All points above should be resolved soon; stay tuned!

Advantages of the GeoPackage file format

The GeoPackage file format has many advantages:

Any engine can support GeoPackage because it’s an open format.
It’s mutable, unlike many other formats.
It saves CRS information, unlike some other formats.
It can store spatial and raster data.
It can be read by many engines like GeoPandas, Sedona, and SQLite, of course.

However, the GeoPackage format also has many downsides.

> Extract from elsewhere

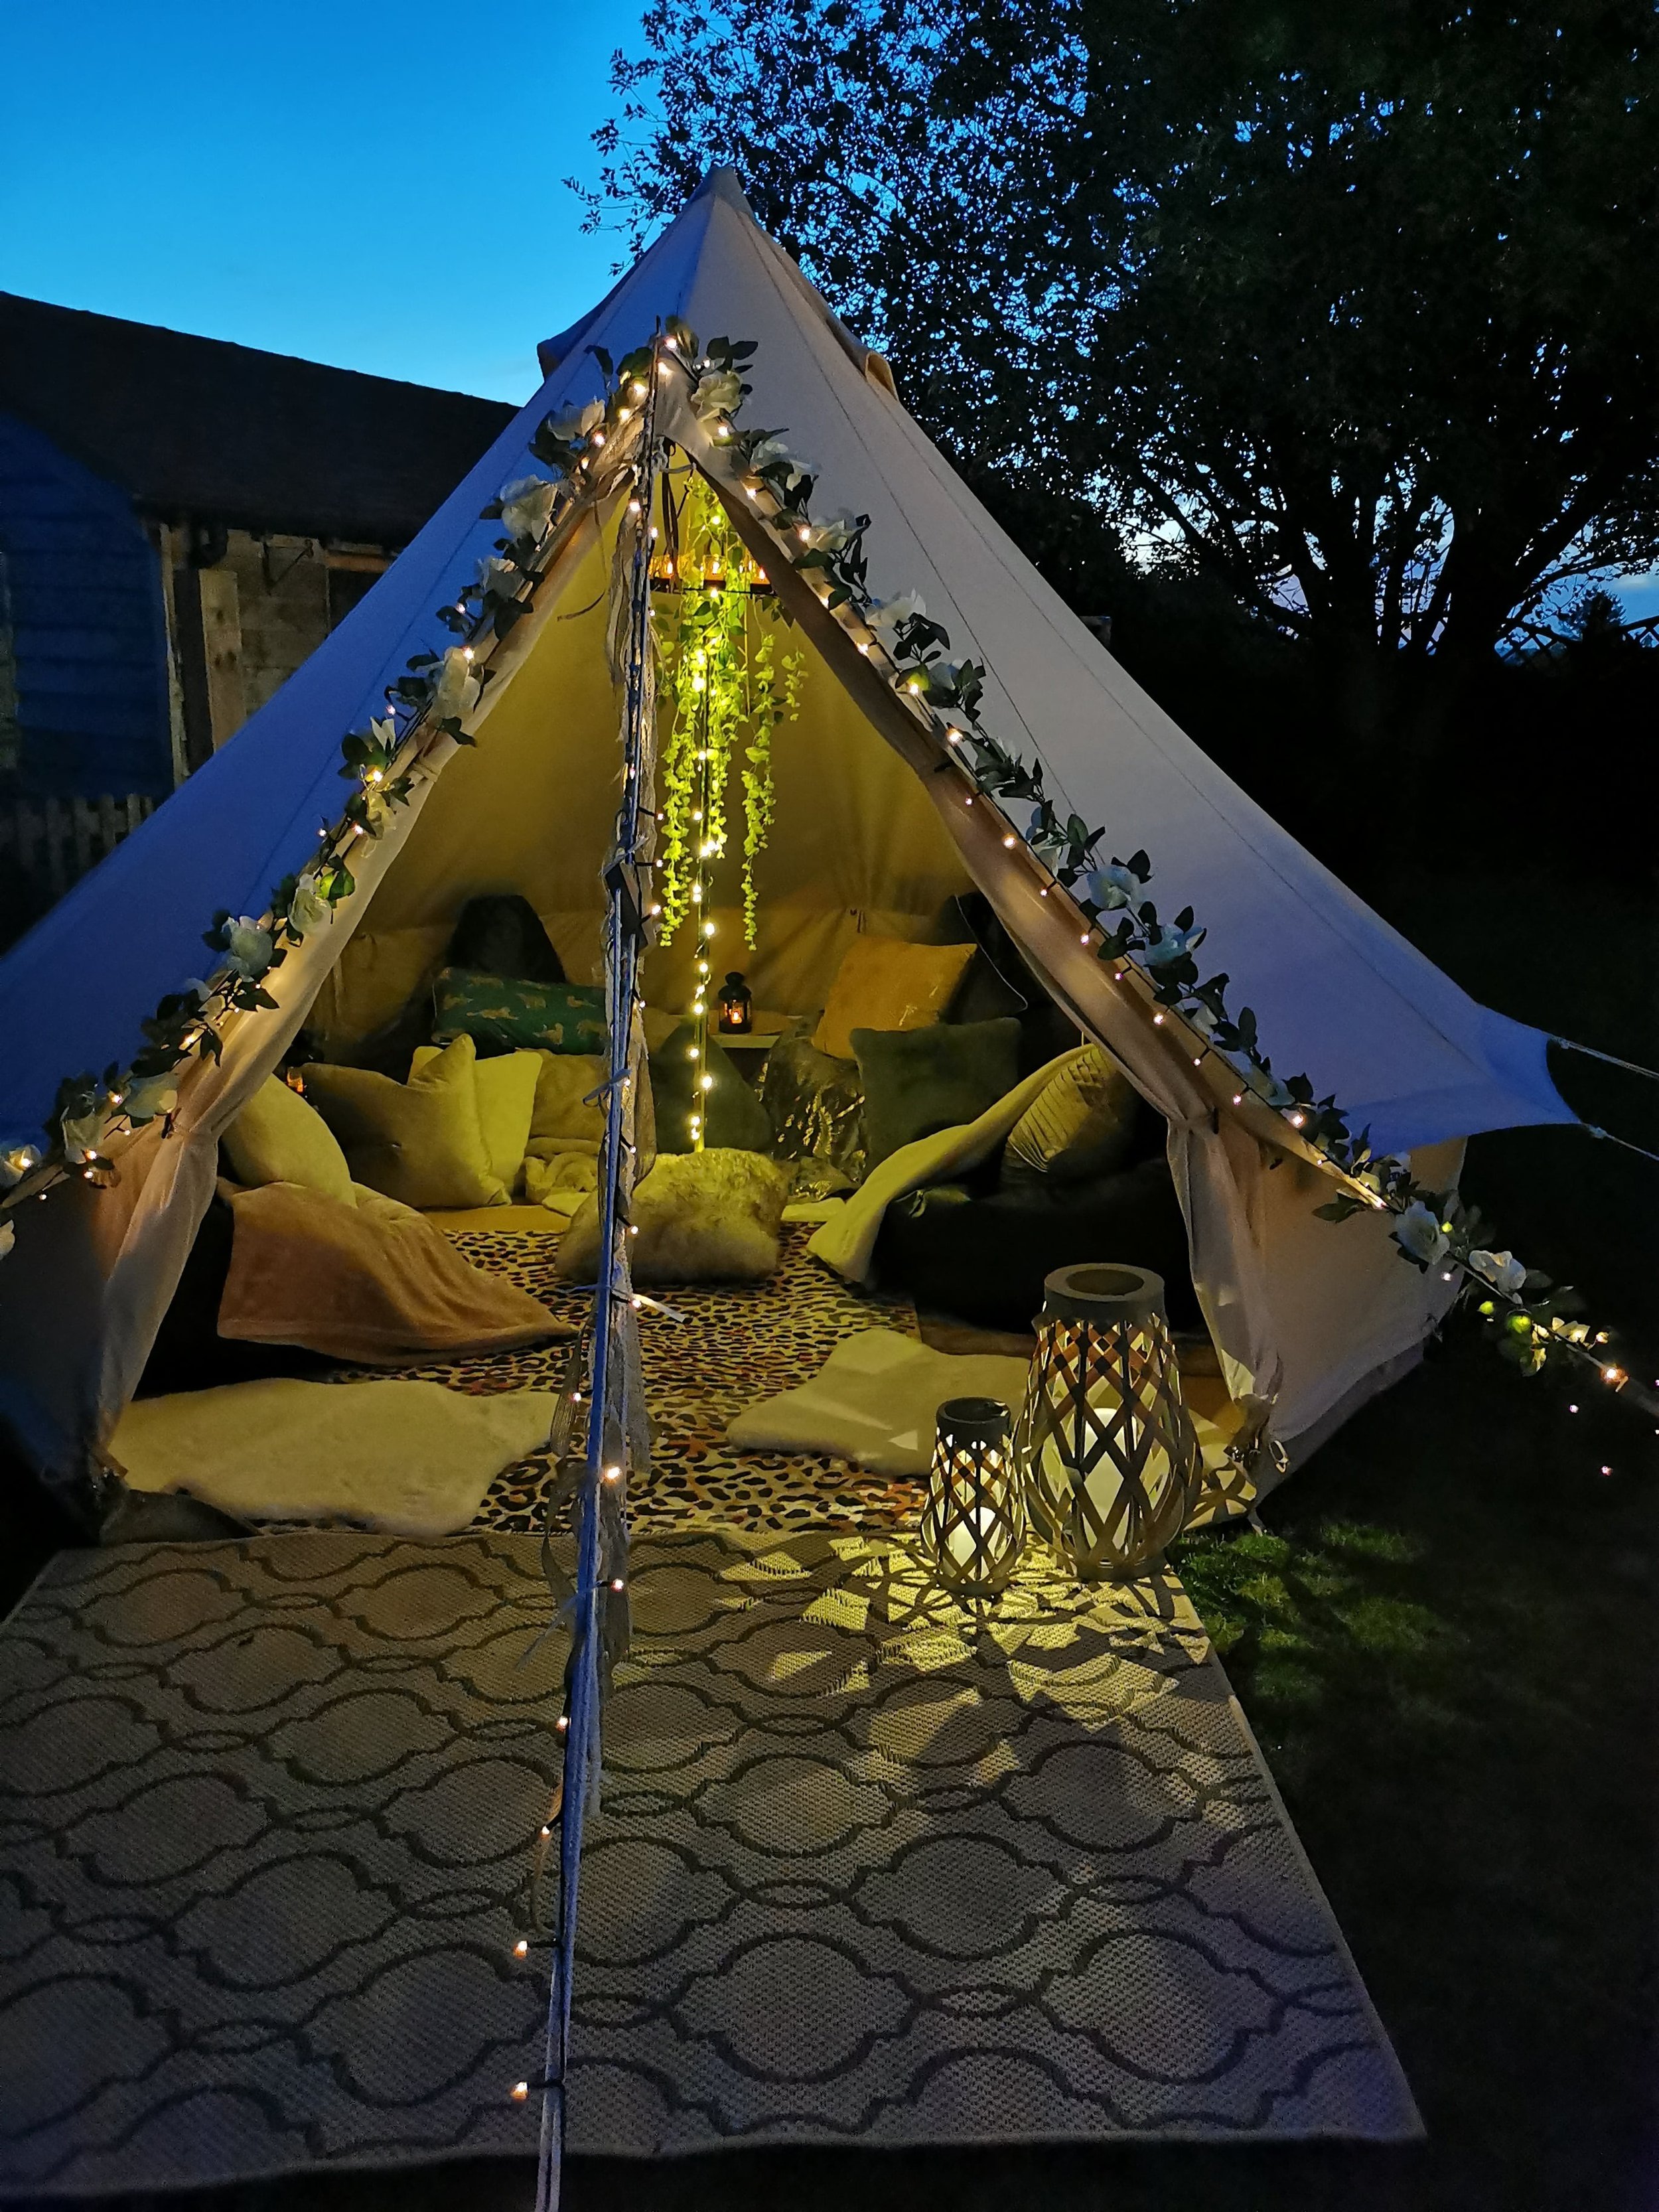 Glampees- Sleepover Party Tents in Hampshire

Disadvantages of GeoPackage

The GeoPackage file format has the following disadvantages:

It’s row-oriented, so it can’t take advantage of column pruning like columnar file formats.
It does not support multi-engine concurrency transactions.
SQLite transactions are supported, but building reliable transactions with other engines would be hard.
All engines do not fully support it.

Conclusion

GeoPackage is a solid file format if you’re using SQLite.

It’s excellent that Sedona can read GeoPackage files created by SQLite analyses. This allows you to read GeoPackage files in parallel and analyze massive datasets. You can also run Sedona on a cluster.

If you don’t already use GeoPackage, you should probably use file formats like GeoParquet or Iceberg.